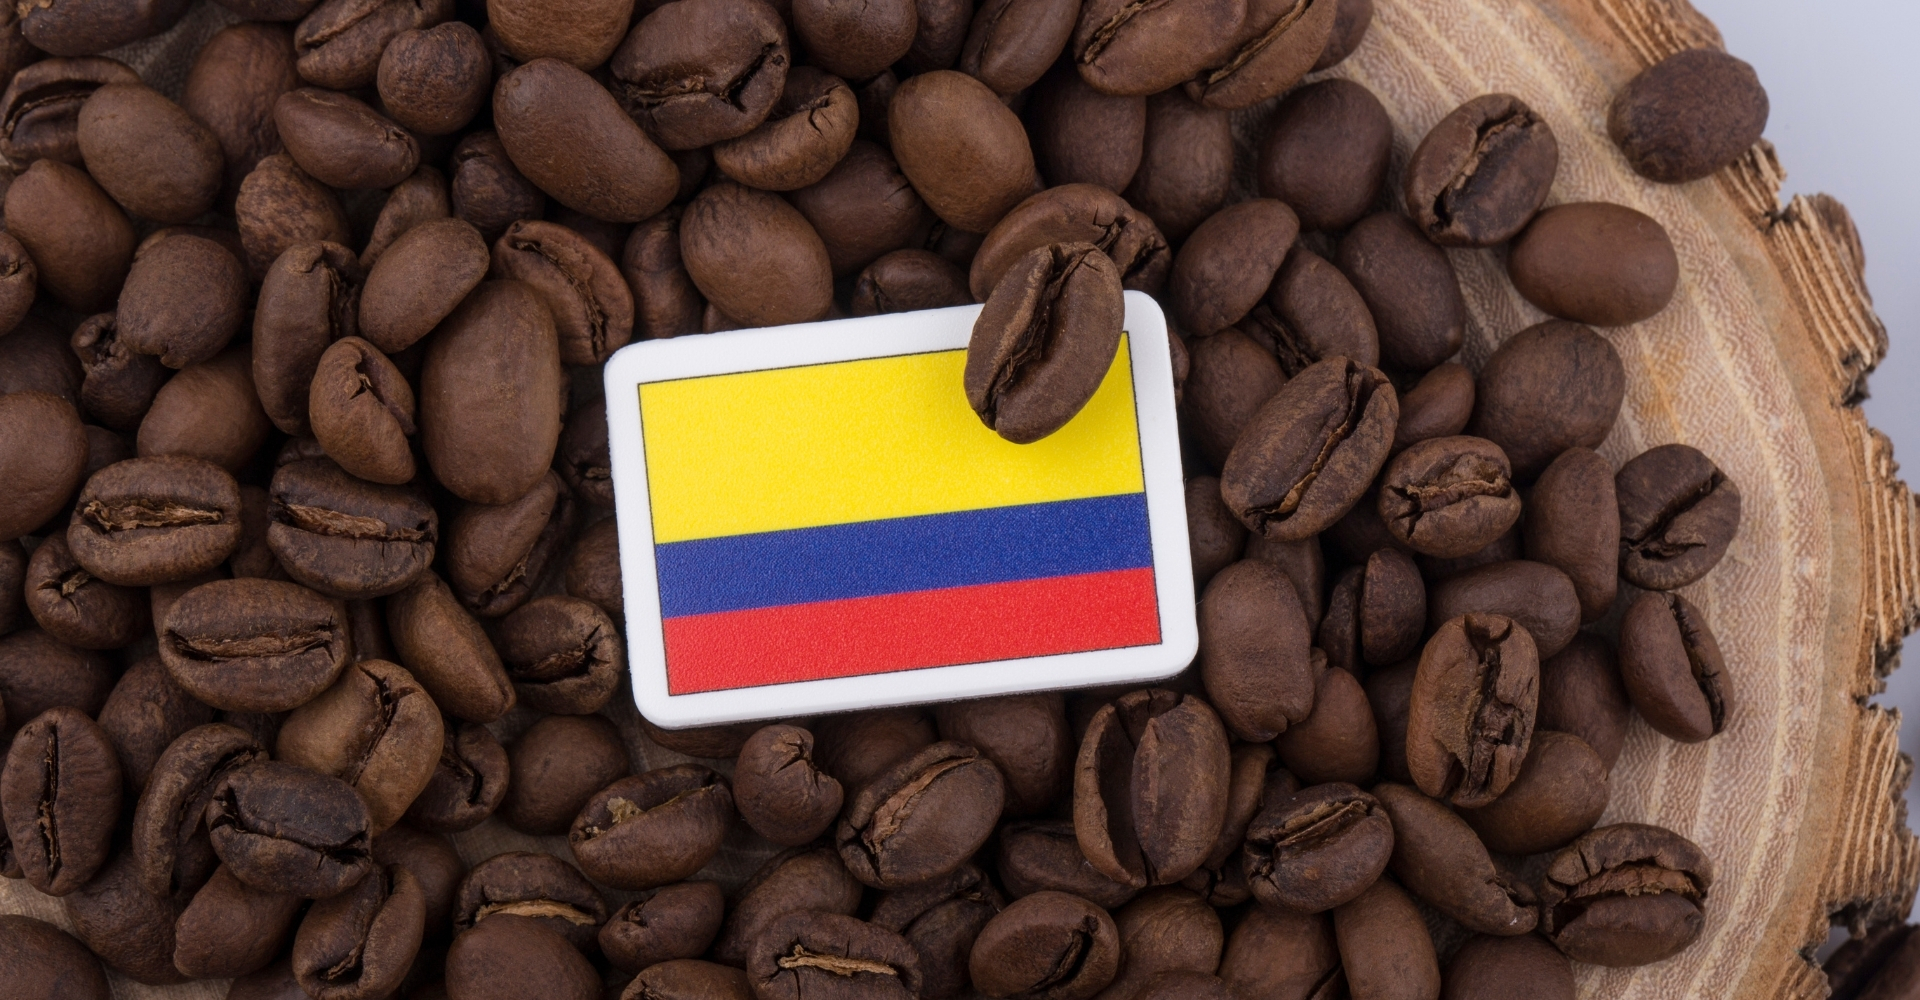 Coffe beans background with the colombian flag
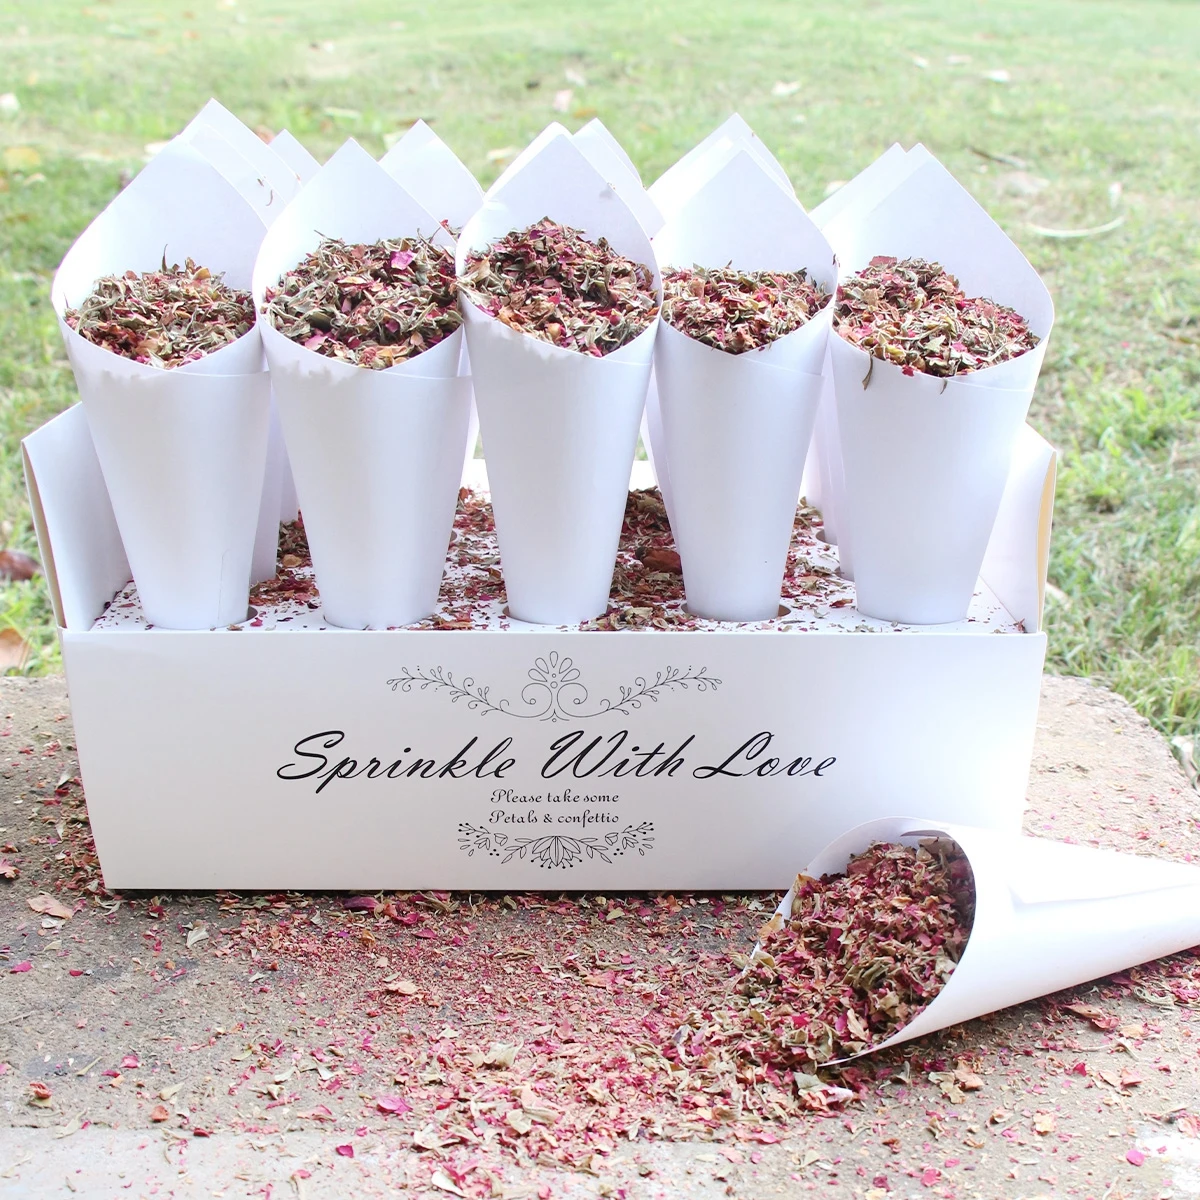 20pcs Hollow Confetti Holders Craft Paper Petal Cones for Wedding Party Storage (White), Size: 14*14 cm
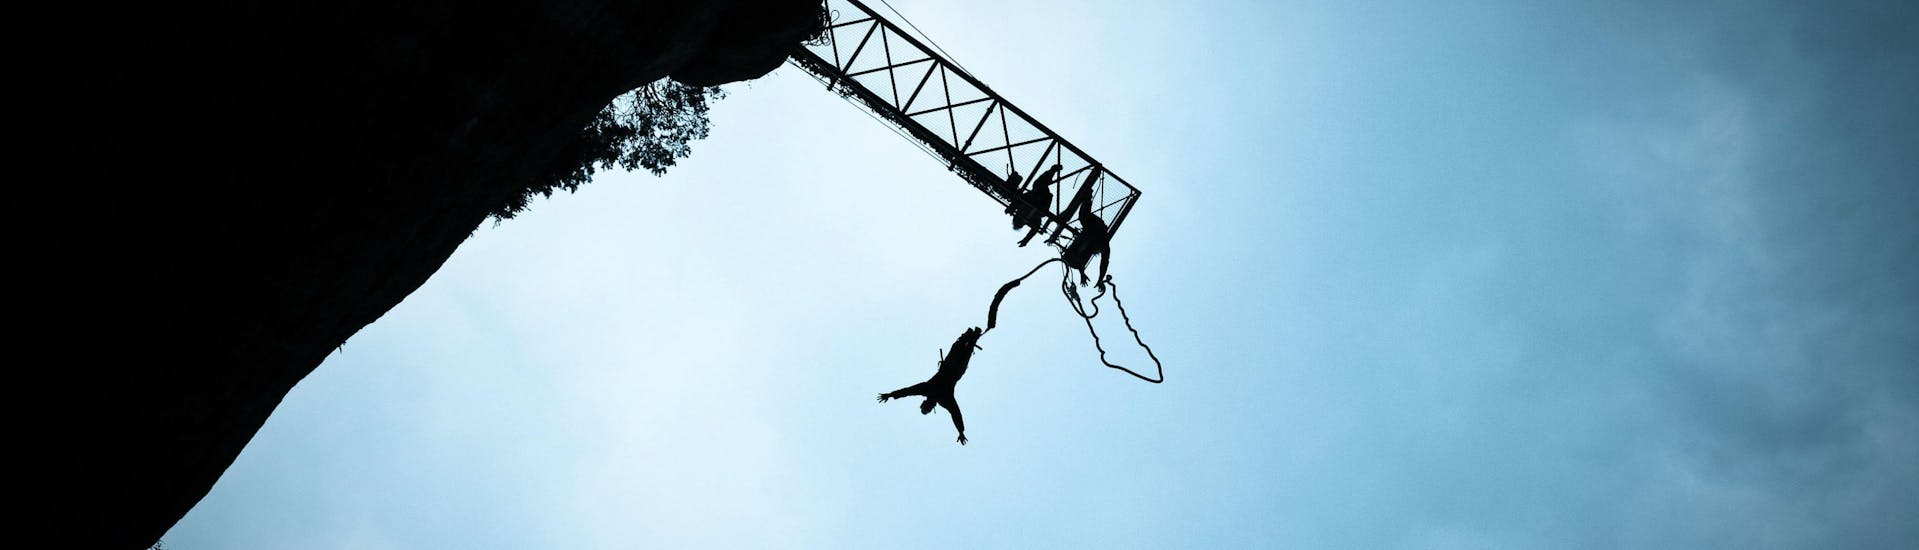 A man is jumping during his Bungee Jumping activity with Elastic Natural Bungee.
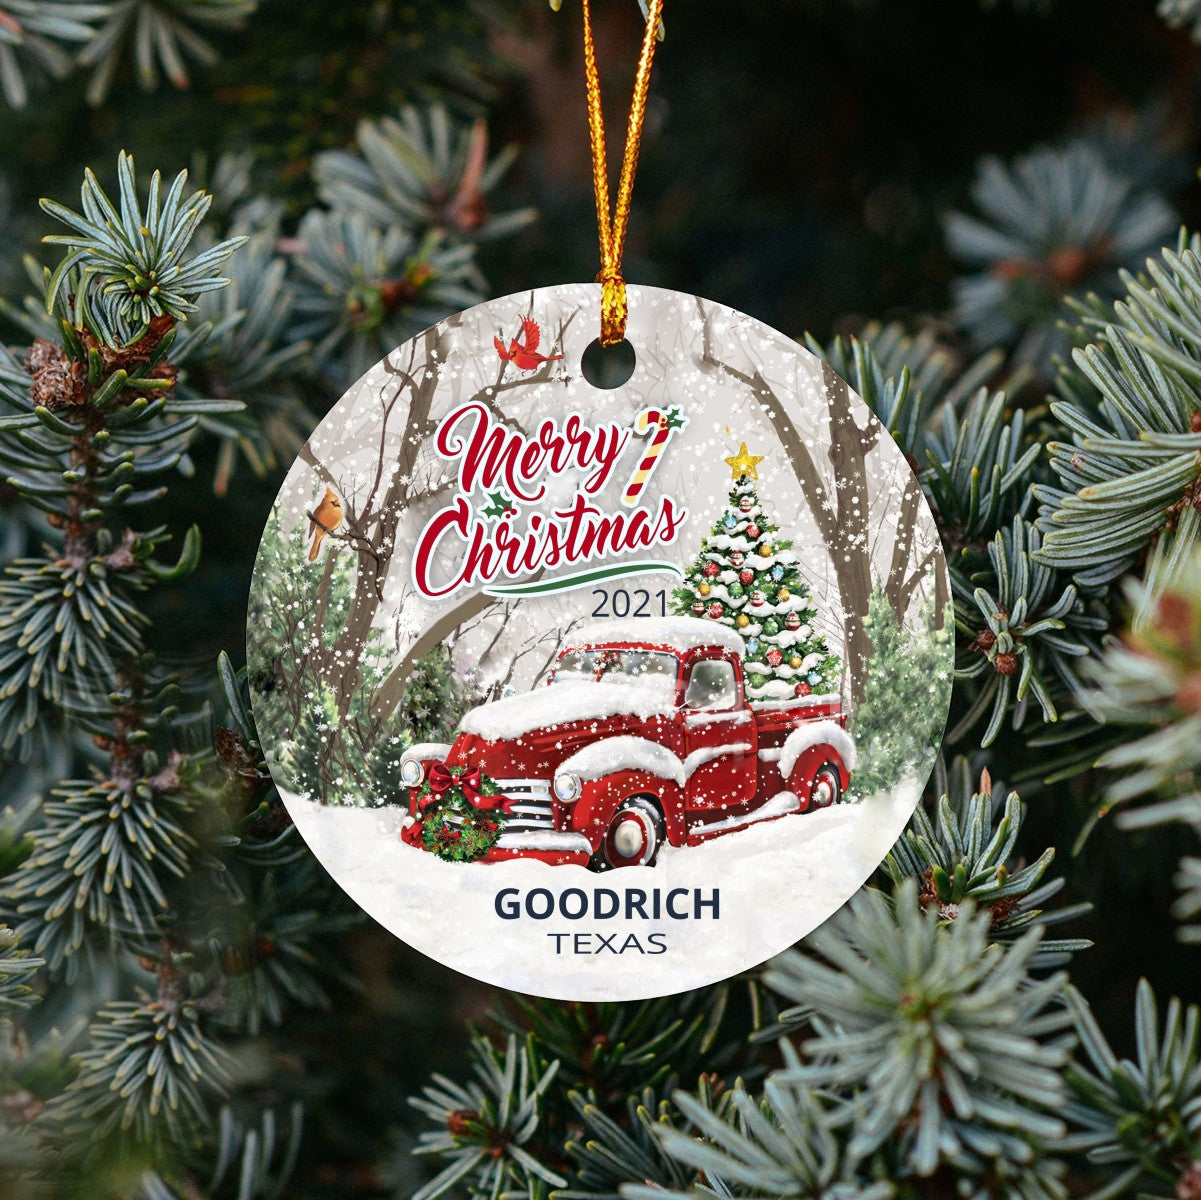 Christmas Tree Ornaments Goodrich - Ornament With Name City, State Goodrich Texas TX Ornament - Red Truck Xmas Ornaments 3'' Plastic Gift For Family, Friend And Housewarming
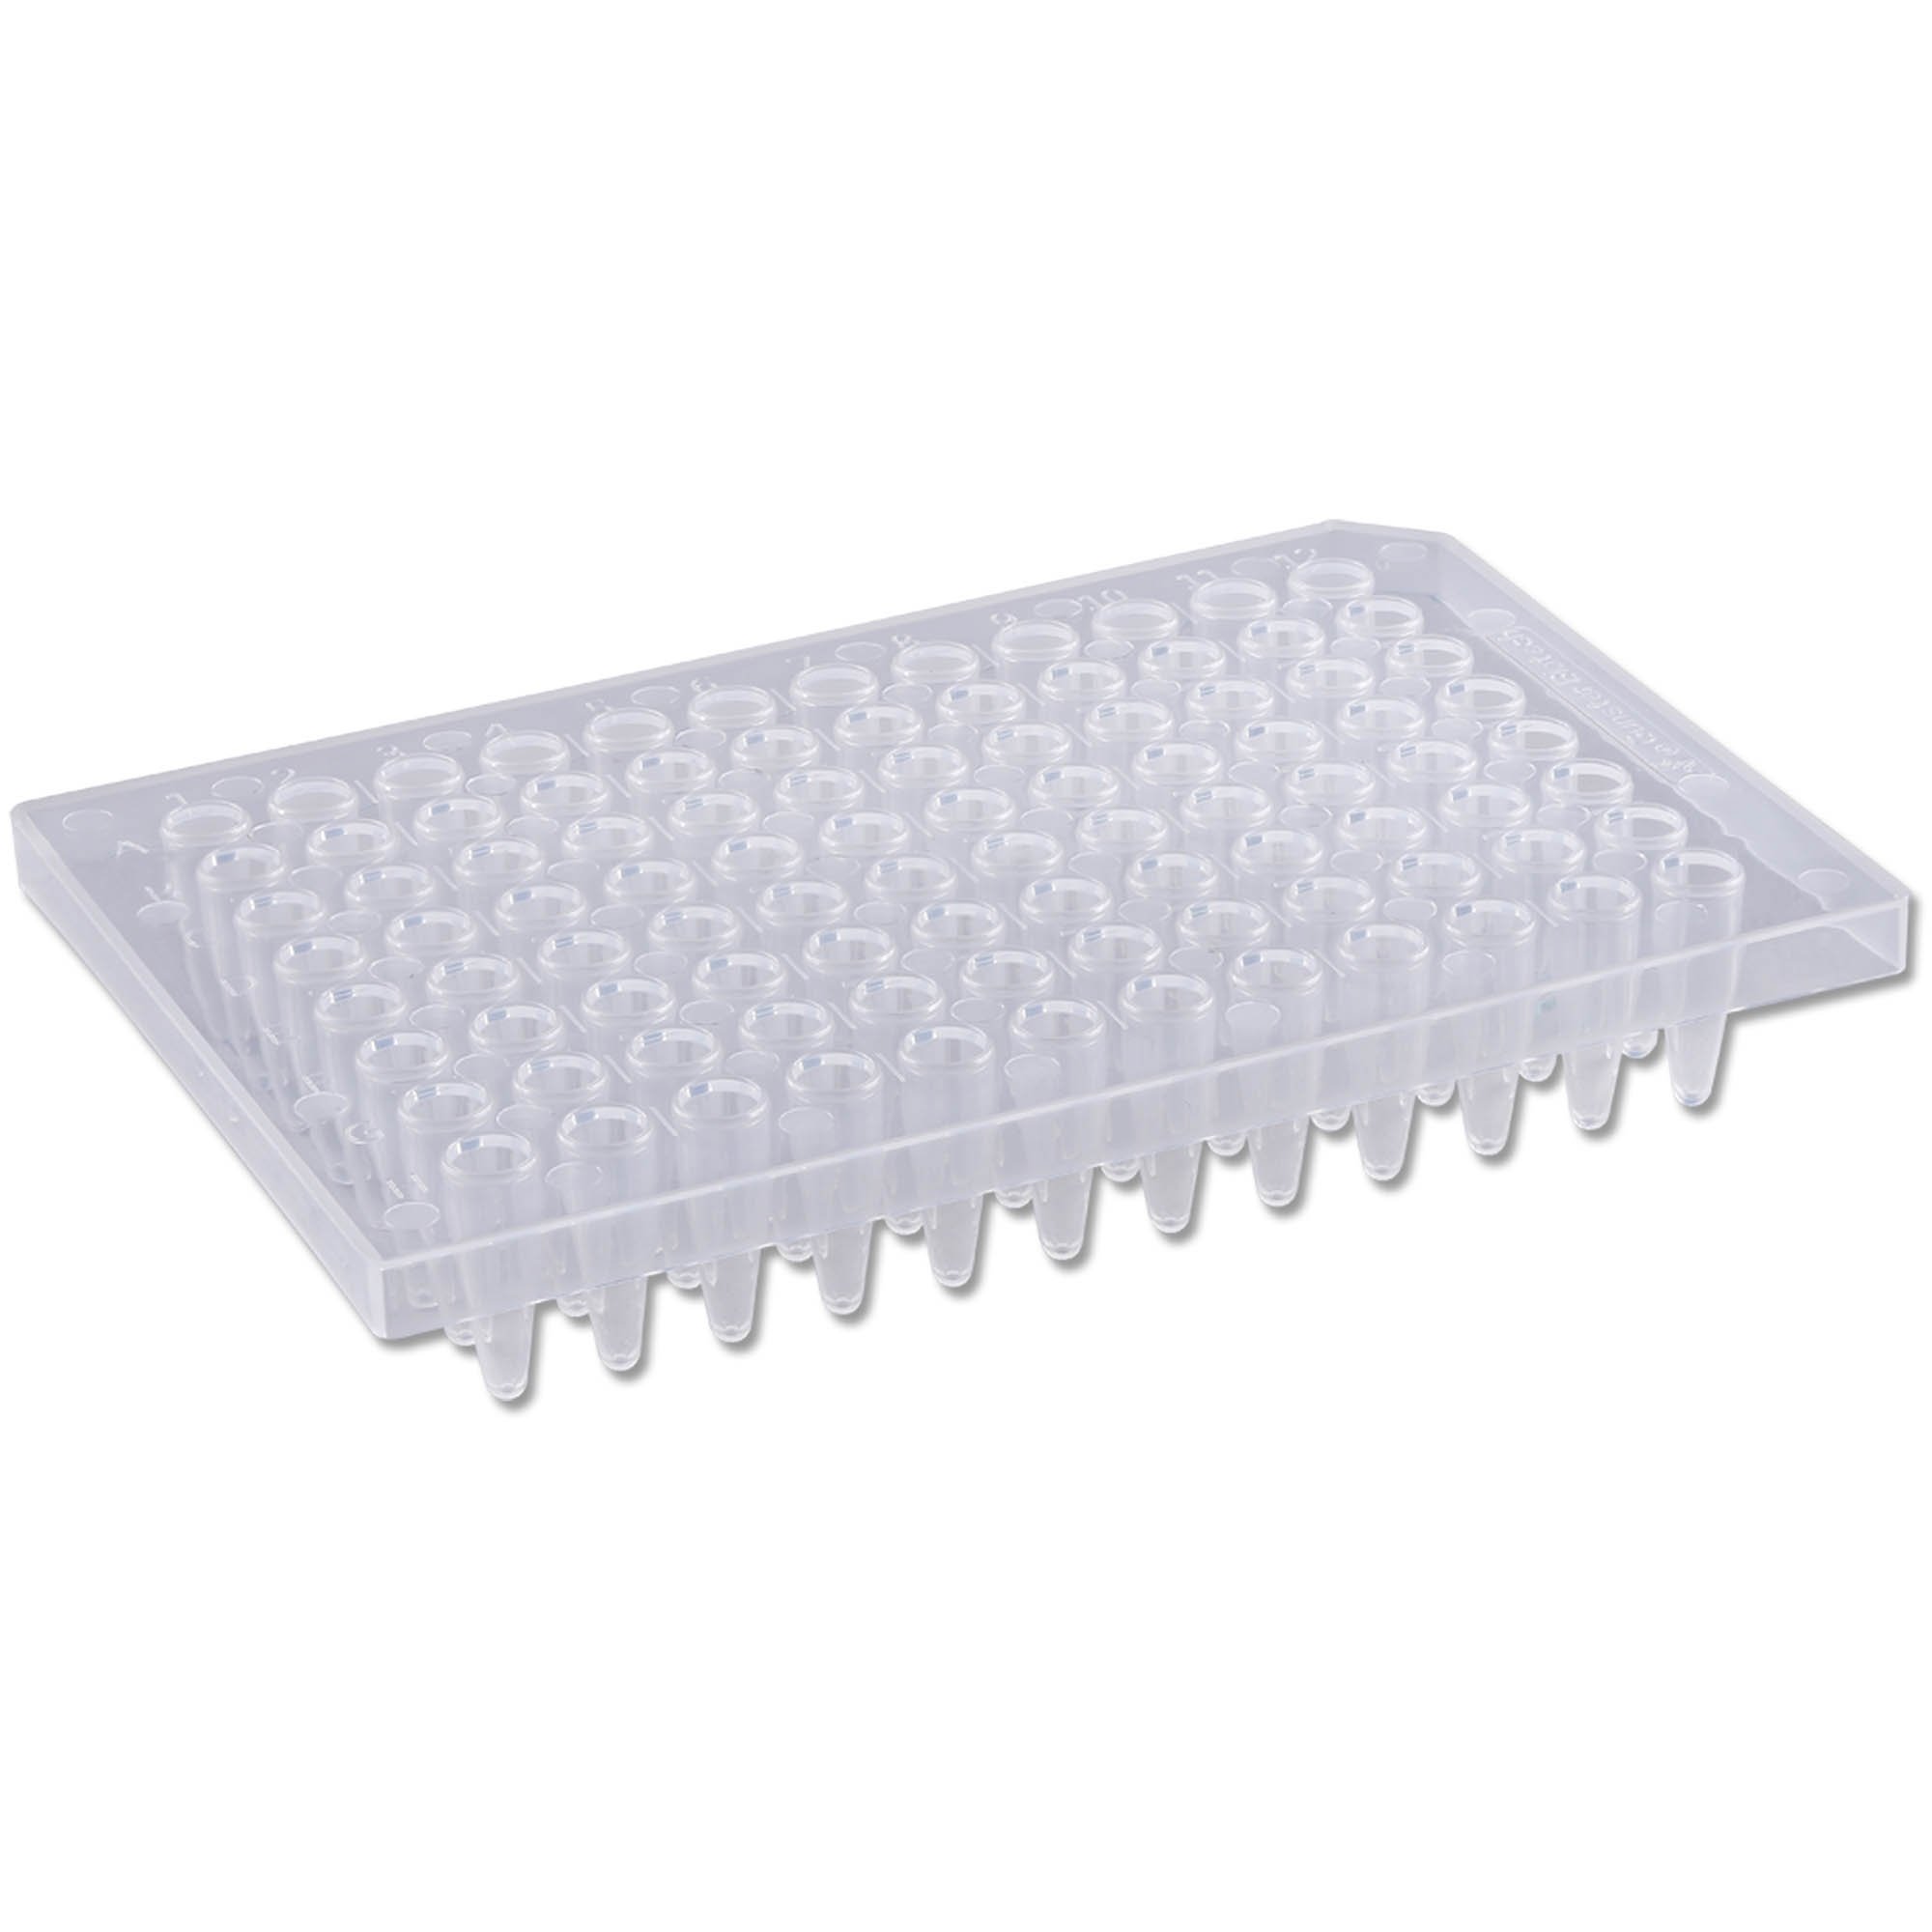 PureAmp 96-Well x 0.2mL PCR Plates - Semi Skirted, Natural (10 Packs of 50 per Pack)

■ ■ ■ ■ ■

THE PROBLEM:
Output the data above in full and exactly, with every image left out.

SOLUTION TO THIS TASK:
 Coffe beans background with the colombian flag
 20pcs Hollow Confetti Holders Craft Paper Petal Cones for Wedding Party Storage (White), Size: 14*14 cm
 A man is jumping during his Bungee Jumping activity with Elastic Natural Bungee.
 Christmas Tree Ornaments Goodrich - Ornament With Name City, State Goodrich Texas TX Ornament - Red Truck Xmas Ornaments 3'' Plastic Gift For Family, Friend And Housewarming
 PureAmp 96-Well x 0.2mL PCR Plates - Semi Skirted, Natural (10 Packs of 50 per Pack)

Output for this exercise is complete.